Software RAID Failure - my experience and solution
I just wanted to share this information with the iCloud community.
I searched a bit and did not find much information that was useful with regard to my software RAID issue.
I have 27 inch Mid 2011 iMac with SSD and Hard drive which has been great.
I added an external hard drive (I think if I mention any brand name the moderator will delete this post) which includes an nice aluminum case with two 3 TB hard drives within it, and it has a big blue light on the front and is connected via Thunderbolt. This unit is about 2 years old and I have it configured in a 3 TB mirrored RAID (RAID 1) via a software RAID configured via Mac OS Disk Utility.
I had at one point a minor glitch which was fixed using another piece of software (again if I mention a brand the moderator will delete this post) which is like a 'Harddrive Fighter' or similar type name LOL. So otherwise that RAID has served me well as a site for my Time Machine back up and Aperture Vault, etc. (I created a 1.5 TB Sparse bundle for Time Machine so that the backup would not use the entire 3 TBs)
I recently purchased a second aluminum block of drives, and set that up as a 4 TB RAID 1.
Each of the two RAIDs are set with the option of “Automatically rebuild RAID mirror sets” checked.
I put only about 400 gb on the new RAID to let it sit for a ‘burning in period.’
A few days ago the monitoring software from the vendor who sells the aluminum block of drives told me I had a problem. One of the drives had “Failed.” The monitoring software strangely enough does not distinguish the drives so you can figure out which pair had the issue, so I assumed it was the New 8 TB model. Long story short, it was the older 6 TB model, but that does not matter for this discussion.
I contacted the vender and this is part of their response.
“This is an indication that the Disk Utility application in Mac had a momentary problem communicating with the drive mechanism. As a result, it marked that drive as "failed" in the header information. Unfortunately, once this designation is applied to a drive by the OS, the Disk Utility will thereafter refuse to attempt any further operations with that disk until the incorrect "failed" marker is manually cleared off the drive.”

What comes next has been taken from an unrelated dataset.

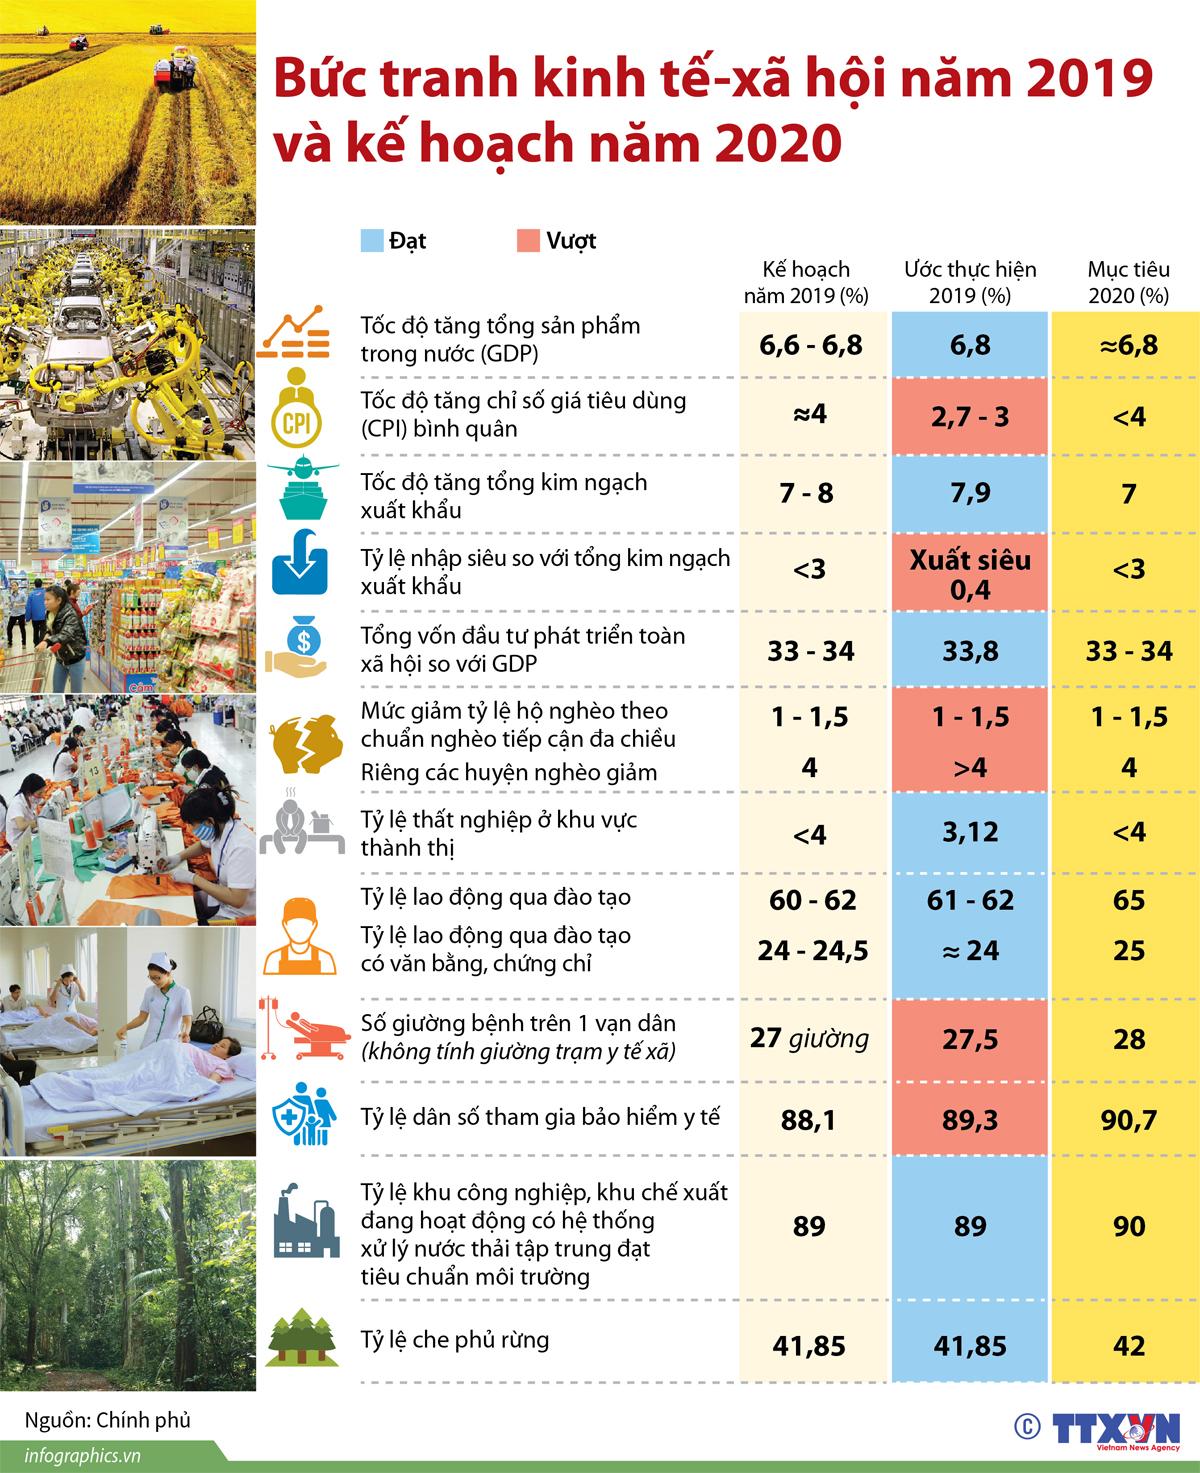 bức tranh kinh tế-xã hội, năm 2019, kế hoạch năm 2020

That did not sound very good to me…..back up killed by a SOFTWARE GLITCH?
“The solution is to remove the corrupted volume header, and allow the generation of a new one….This command will need to be done for each disk in the array… (using Terminal)…
diskutil zerodisk (identifier)
…3. After everything is finished, you should be able to exit Terminal, and go back into the Disk Utility Application to re-configure the RAID array on the device.”
Furthermore they said.
“If the Disk Utility has placed a flag into the RAID array header (which exists on both drives) then performing this procedure on a single drive will not correct anything.”
And…
“When a drive actually does fail, it typically stops appearing in the Disk Utility application altogether. In that circumstance, it will never be marked "failed" by the Disk Utility, so the header erase operation is not needed.”

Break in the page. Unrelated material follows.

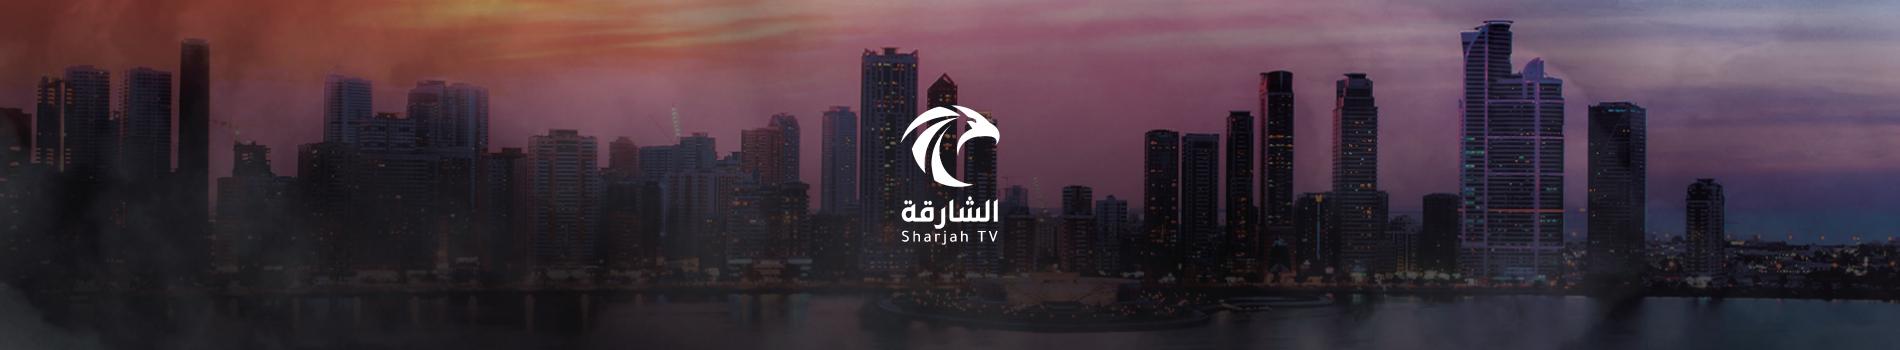 المسلسل الخليجي  أمر إخلاء
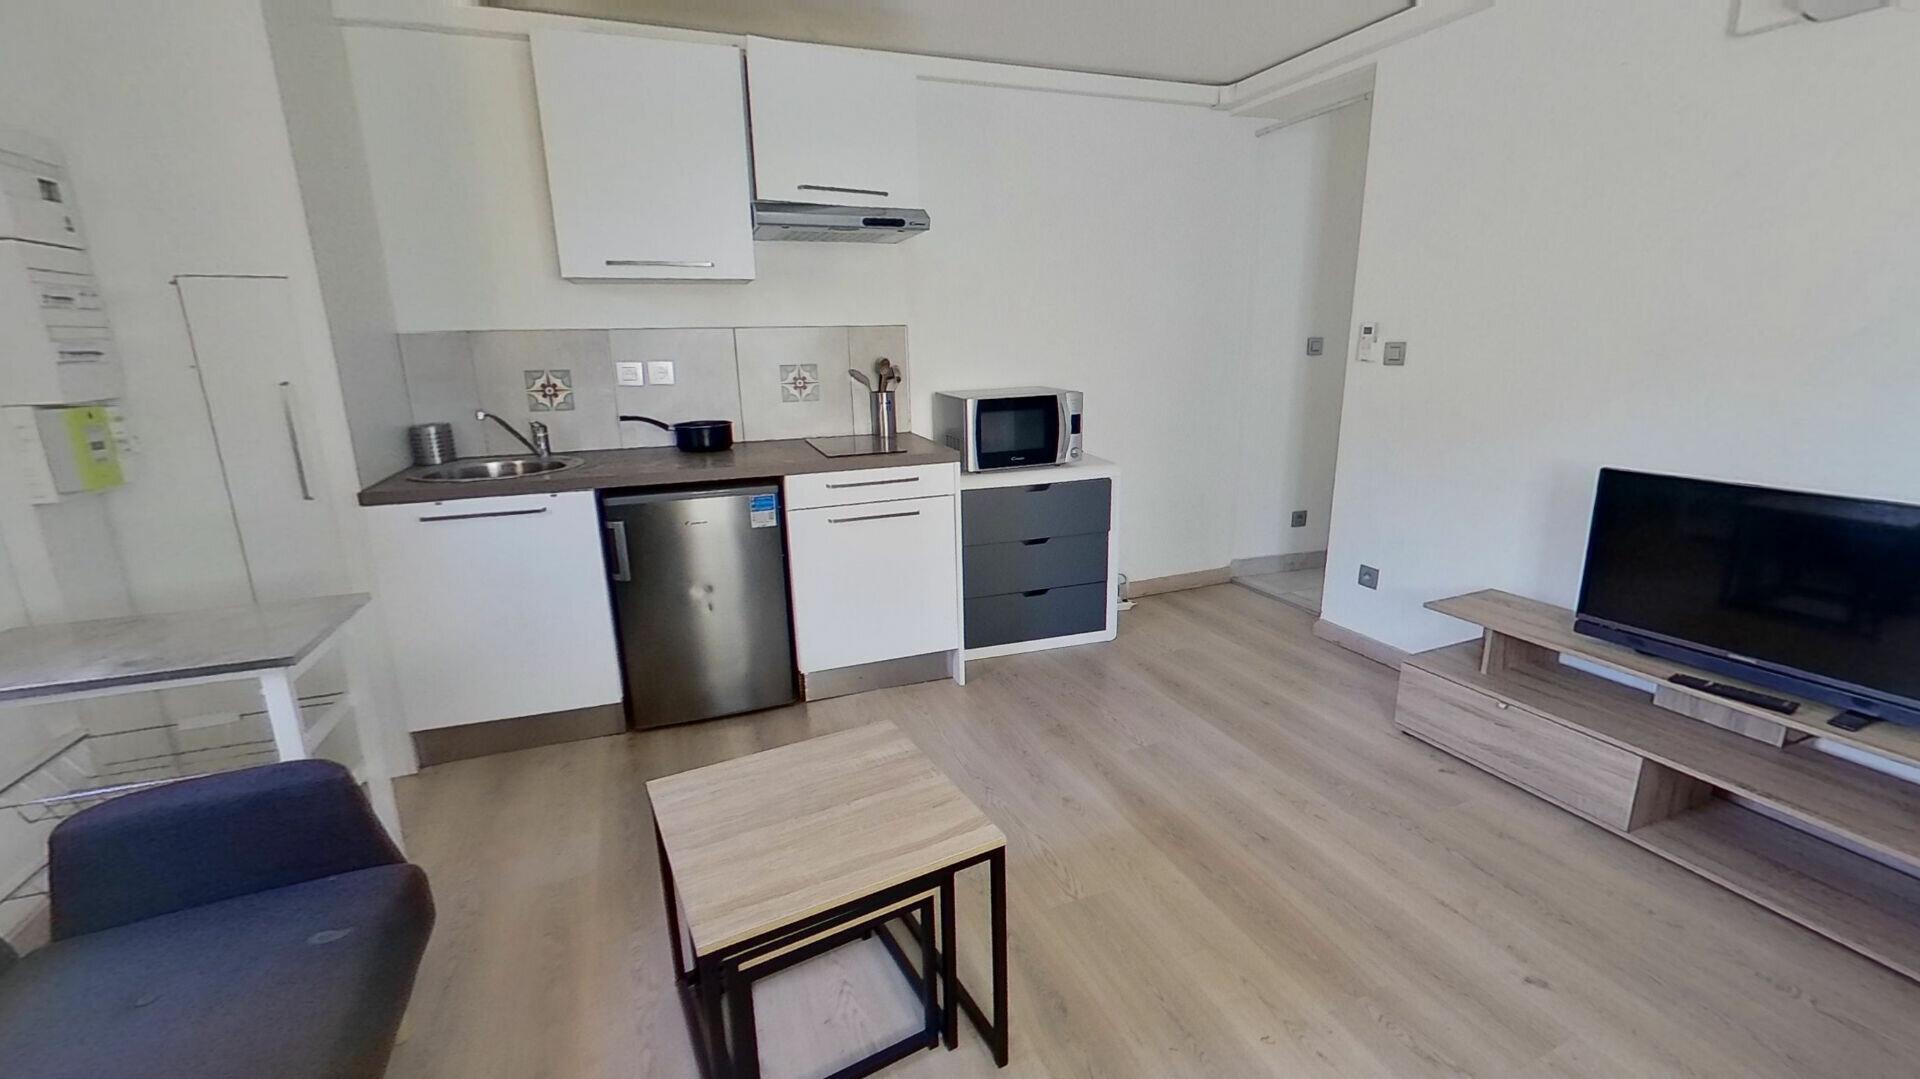 Appartement à louer 2 31.3m2 à Caluire-et-Cuire vignette-1

This all sounded like a bad idea to me. And what does the Vendors RAID monitor software say then? “Disk Really Really FAILED, check for a fire.”
As I tried to figure out which drive was actually the bad RAID pair I stumbled on a solution.

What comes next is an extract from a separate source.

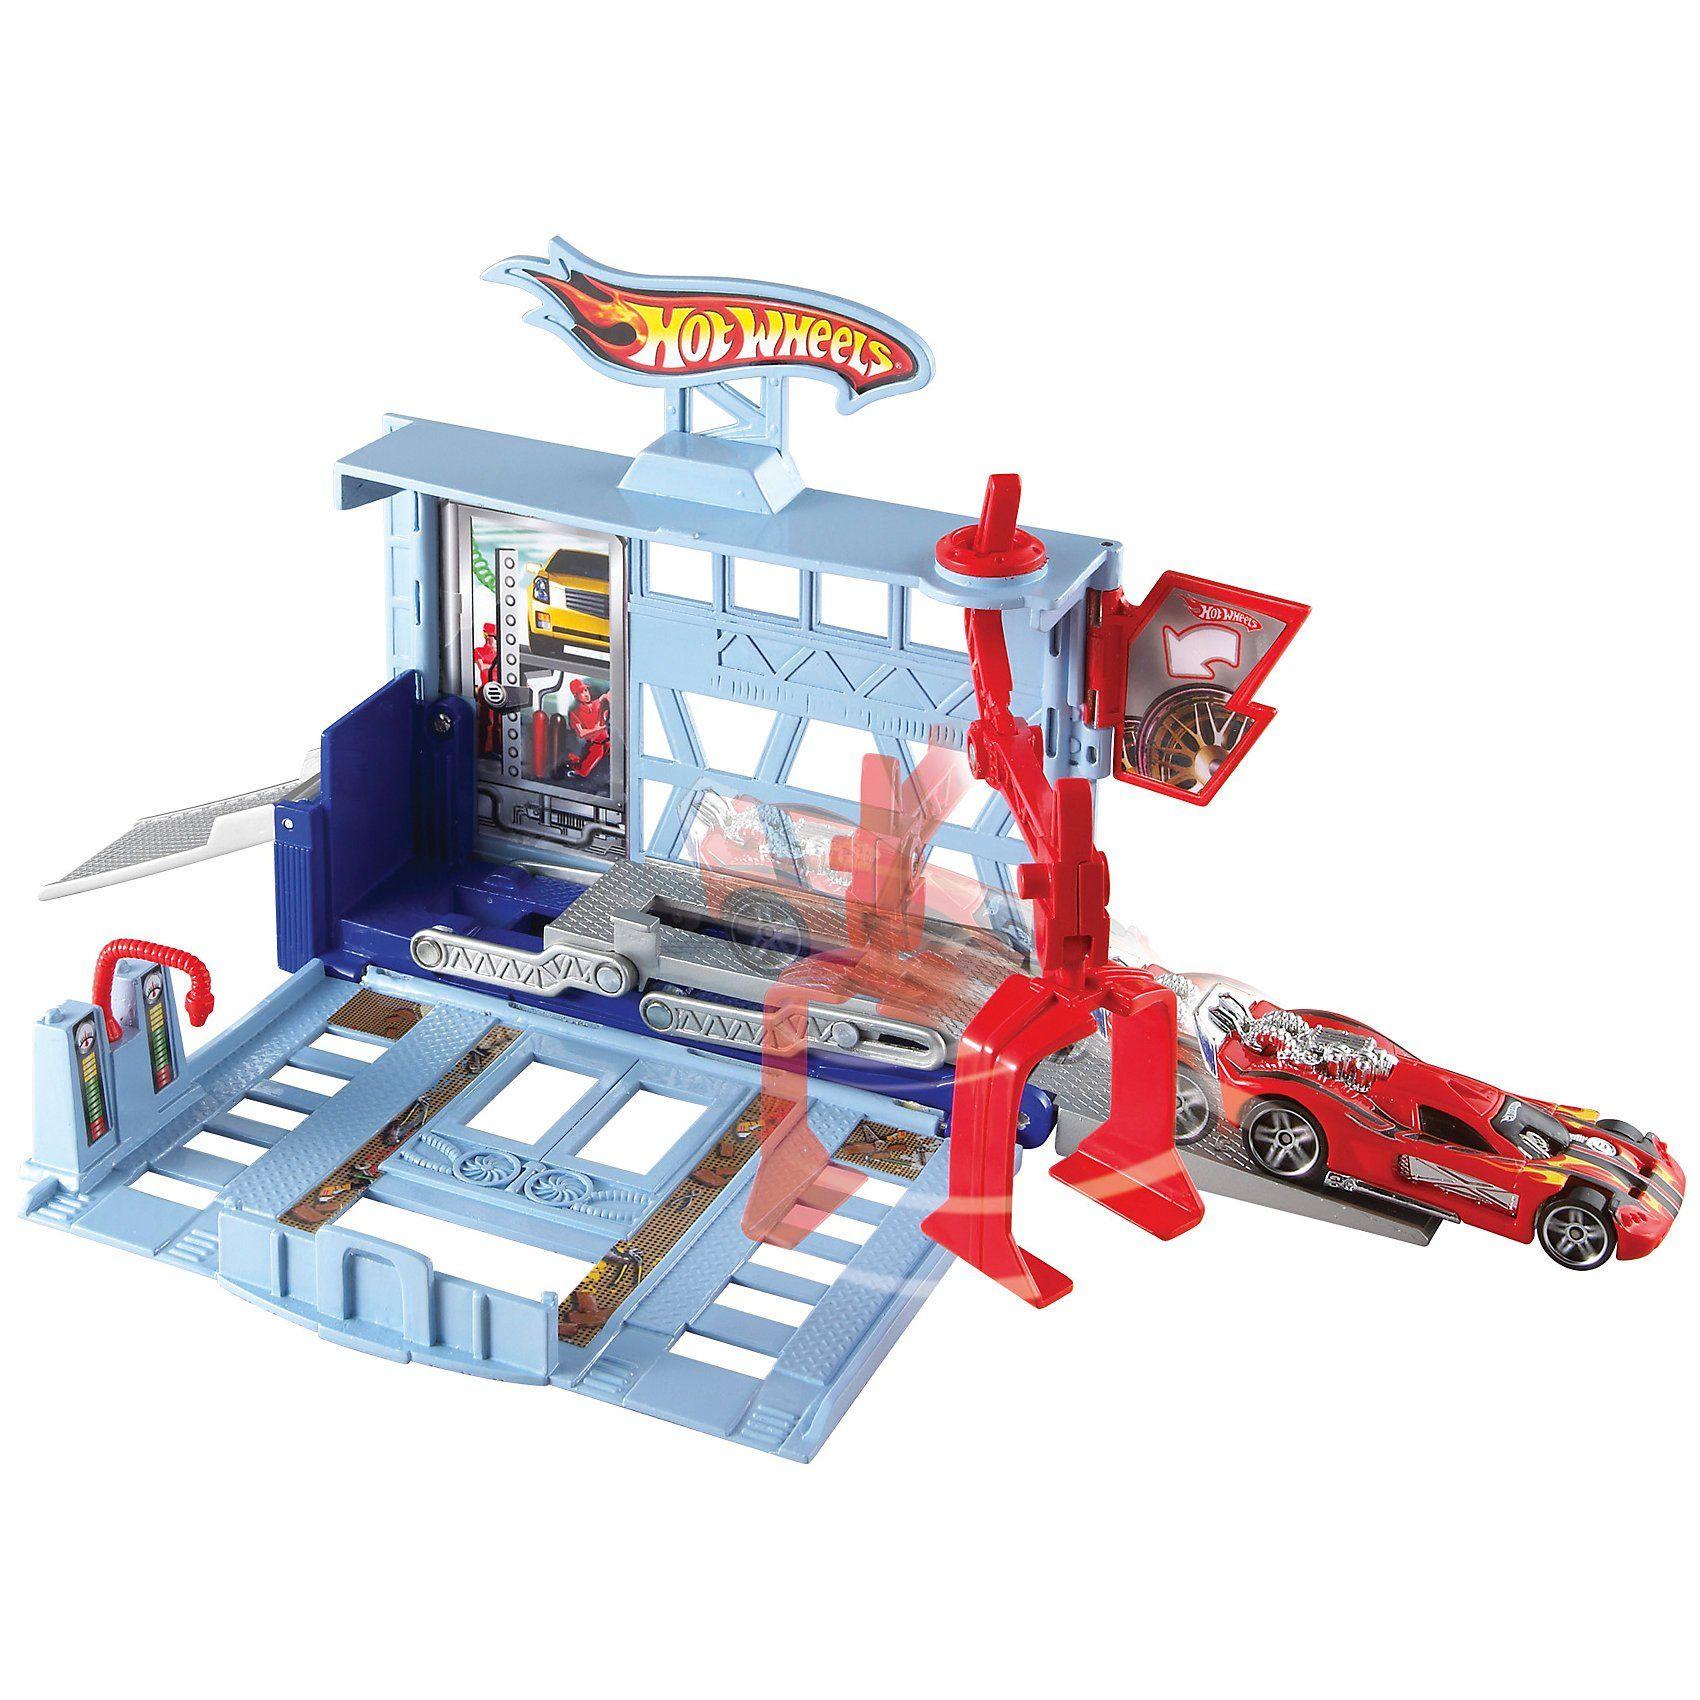 Hot Wheels Garage 7642

First I noted that the OS Disk Utility did NOT show a fault in the RAID. It listed both RAIDS as “Online.’ Thus no rebuilding was needed and it did not begin the rebuild process.
The Vendors disk monitor software saw some fault, but Mac was still able to read and write to the RAID, both disks in the mirror. I wrote a folder to the RAID and with various rebooting steps I pulled the “Bad” drive and looked at the “Good” Drive….the folder was there…I put the Bad drive back in and pulled the Good Drive and the folder was there on the “bad” drive. So it wrote to both drives. AND THE VENDORS MONITORING SOFTWARE SHOWED THE PREVIOUSLY LABELED ‘BAD’ DRIVE AS ‘GOOD’ AND THE MISSING DRIVE SLOT AS ‘BAD’.
My stumbled FIX. I moved a bunch of files off the failed RAID to the new RAID but before I moved the sparse bundle, a folder of 500 gigs movies and some other really big folders the DISK UTILITY WINDOW (which I still had open) now showed that the RAID had a Defect and began rebuilding the mirror set itself, out of the blue! I don't know why this happened. But moving about 1/2 of the data off of it perhaps did something? Any Ideas?
This process took a few hours as best I can tell (let it run overnight) and the next day the RAID was fine and the Vendors RAID monitor did not show a fault any longer.
So, the Vendors RAID monitoring software reporting a “FAILED” drive without any specific error codes to look up. Perhaps they could have more info for the user on the specific fault? The support line of the the Vendor said with certainty “the Volume Header is corrupted” and THE ONLY FIX is to completely ZERO THE DRIVE! This was not necessary as it turns out.
And the stick in the eye to me…..
“I've also sometimes seen the drives get marked as "failed" by the disk utility due to a shaky connection. In some cases, swapping the ends of the Thunderbolt cable will help with this. Something to try, perhaps, if your problems come back. “
Ya Right…..
Mike
iMac, Mac OS X (10.7.2), 27